給系統設計者2026.05.19

Agentic RAG vs 傳統 RAG：5 個關鍵差別、3 種 self-correction、跟「什麼時候別用」（拆解微軟 L5）

「Agentic RAG」是 2025-2026 RAG 社群最常被誤讀的詞——多數人以為它是「加 agent 包裝的 RAG」，但微軟第 5 課把它定義成完全不同的東西：讓 LLM 擁有自己的推理過程，自動 rewrite 失敗查詢、換 retrieval 方法、call 不同 tool、直到自己滿意才停。這篇拆解 Lesson 05、對位傳統 RAG 給出 5 個關鍵差別，以及最容易被忽略的問題：什麼時候別用 Agentic RAG。

為什麼這課值得 RAG 老手再看一次

如果你已經做過幾個 RAG 專案、可能會覺得「Agentic RAG」聽起來像行銷詞。但微軟給的定義意外精準：傳統 RAG 是「retrieval-then-read」、Agentic RAG 是「retrieval ↔ reasoning 互相迭代直到滿意」。差別不是加不加 agent、是誰擁有推理過程。傳統 RAG 是開發者預先設計好 chain-of-thought、模型照走；Agentic RAG 是模型自己決定下一步要做什麼。
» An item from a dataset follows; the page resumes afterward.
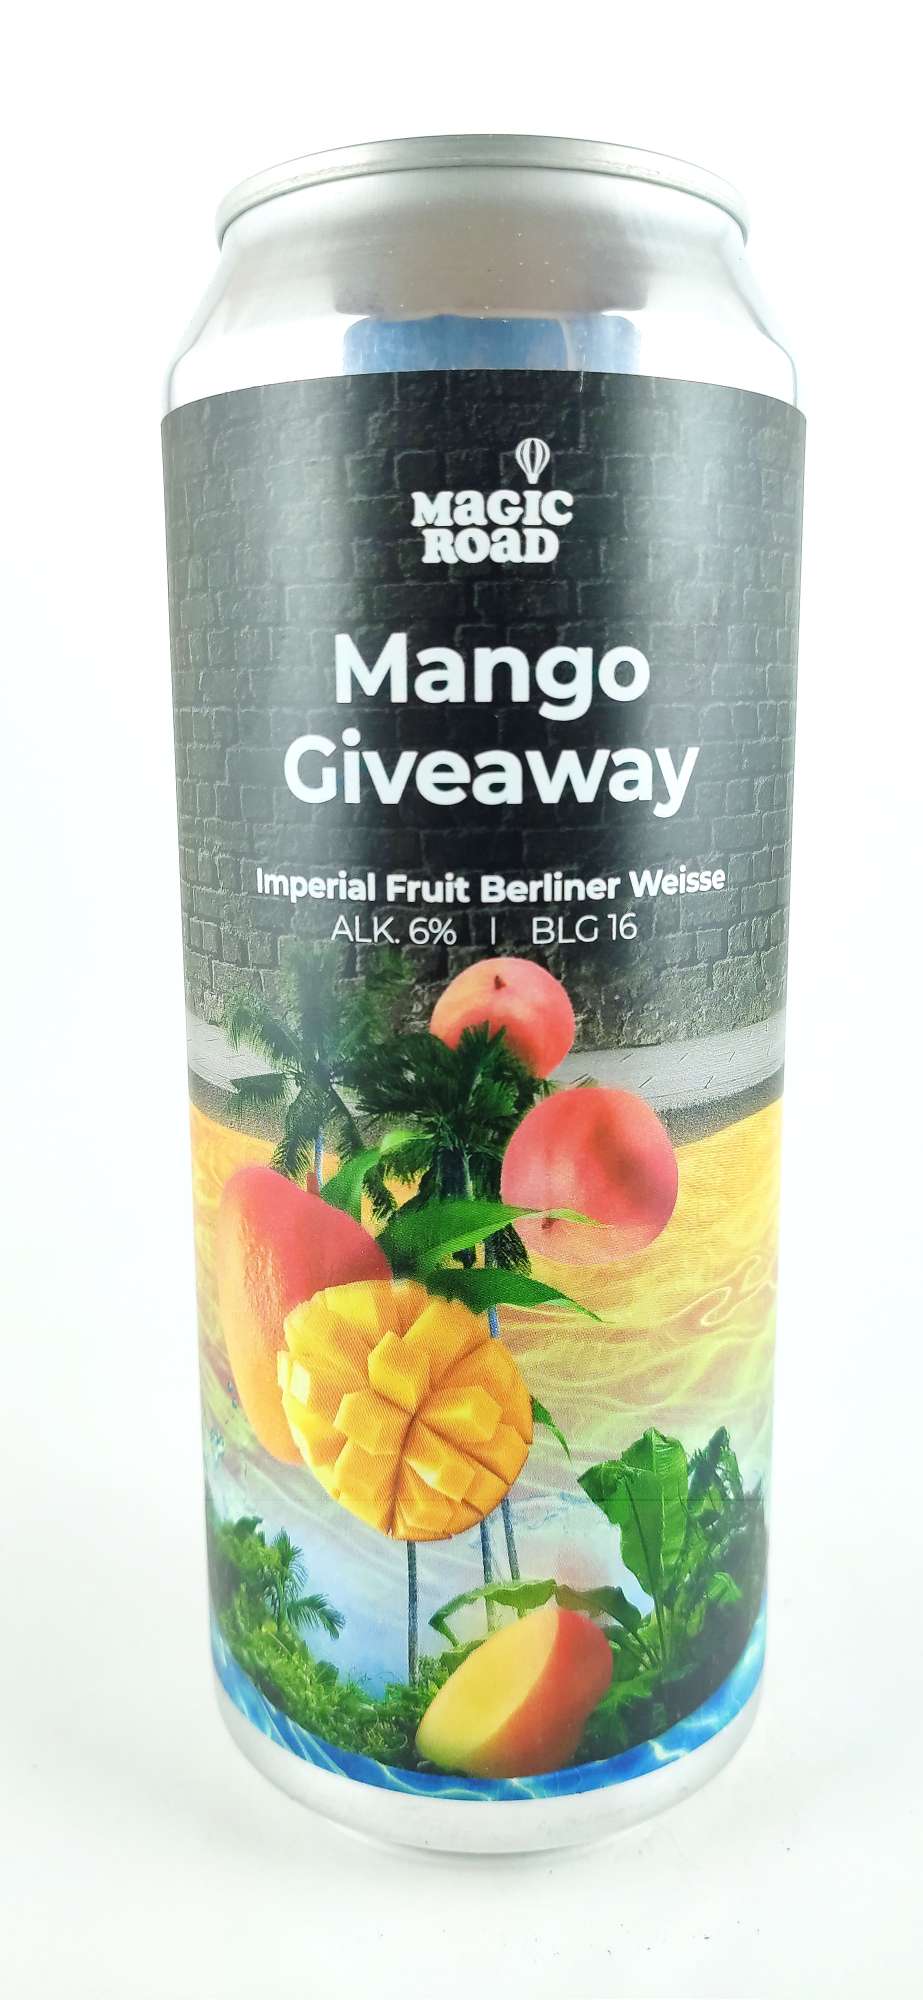 Magic Road Mango GiveAway Sour Fruited Imperial Berliner Weisse 16°

這個 reframing 重要的原因：你做 RAG 評估時、應該問的問題從「我的 chunk strategy 對不對」「embedding model 準不準」變成「我的 agent 在拿到爛 retrieval 之後、會不會自己 rewrite query 再試一次」。後者是 Agentic RAG 真正的價值點、也是它最容易被低估的能力。
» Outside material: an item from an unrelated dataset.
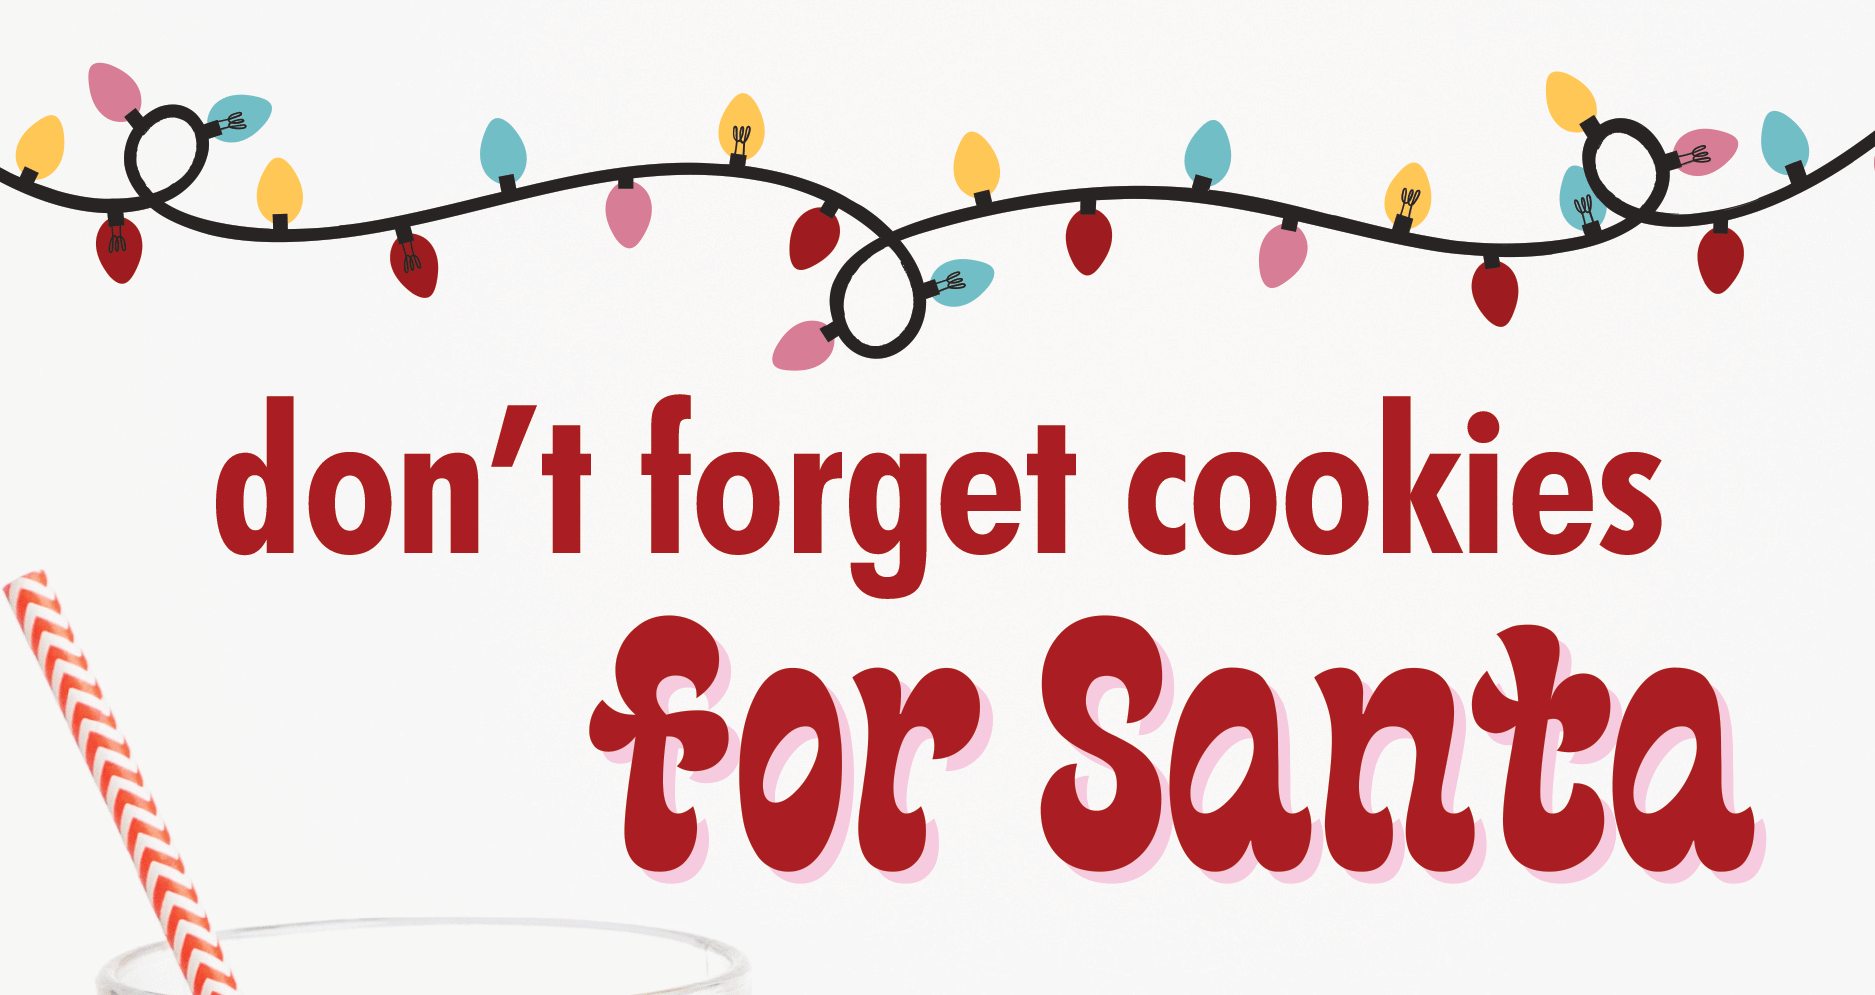 Don't forget cookies for Santa!

Traditional RAG vs Agentic RAG — 5 個關鍵差別

維度	Traditional RAG	Agentic RAG
推理 ownership	開發者預先設計 chain	模型自己決定下一步
查詢失敗處理	回低品質答案	rewrite query、換 tool、換 retrieval 方法再試
多 retrieval 方法	固定一條 path	動態混用 vector search + SQL + Bing + 自家 API
跨步驟記憶	每次 query 獨立	state + memory 跨步驟、避免重複嘗試
停止條件	跑完預設 chain 就停	模型自評「夠 confident」才停

5 個維度的共通點：從「人定流程、模型執行」變「模型定流程、人定邊界」。後者需要更多 token、但能處理 traditional RAG 完全卡死的場景（malformed query、partial information、需要 cross-source 驗證）。

核心迴圈：maker-checker 模式

Agentic RAG 的運作模式是 5 步循環：

Initial Call：用戶 prompt 進 LLM
Tool Invocation：LLM 發現缺資訊 / 指令模糊、選 tool（vector DB query、SQL call、API）
Assessment & Refinement：LLM 看回傳資料、決定夠不夠；不夠就 rewrite query / 換 tool / 換方法
Repeat Until Satisfied：循環到模型自評「有足夠 evidence」
Memory & State：全程記錄之前嘗試跟結果、避免在同個地方繞圈

這個架構的設計亮點：不需要複雜的 orchestration framework。微軟原文直接說「a relatively simple loop of LLM call → tool use → LLM call → … can yield sophisticated and well-grounded outputs」。多數團隊看到 Agentic RAG 想到的是 LangChain agent 那種複雜結構、實際上核心邏輯比想像中輕——重點是讓 LLM 擁有「決定下一步」的權限、而不是「設計複雜的 state machine」。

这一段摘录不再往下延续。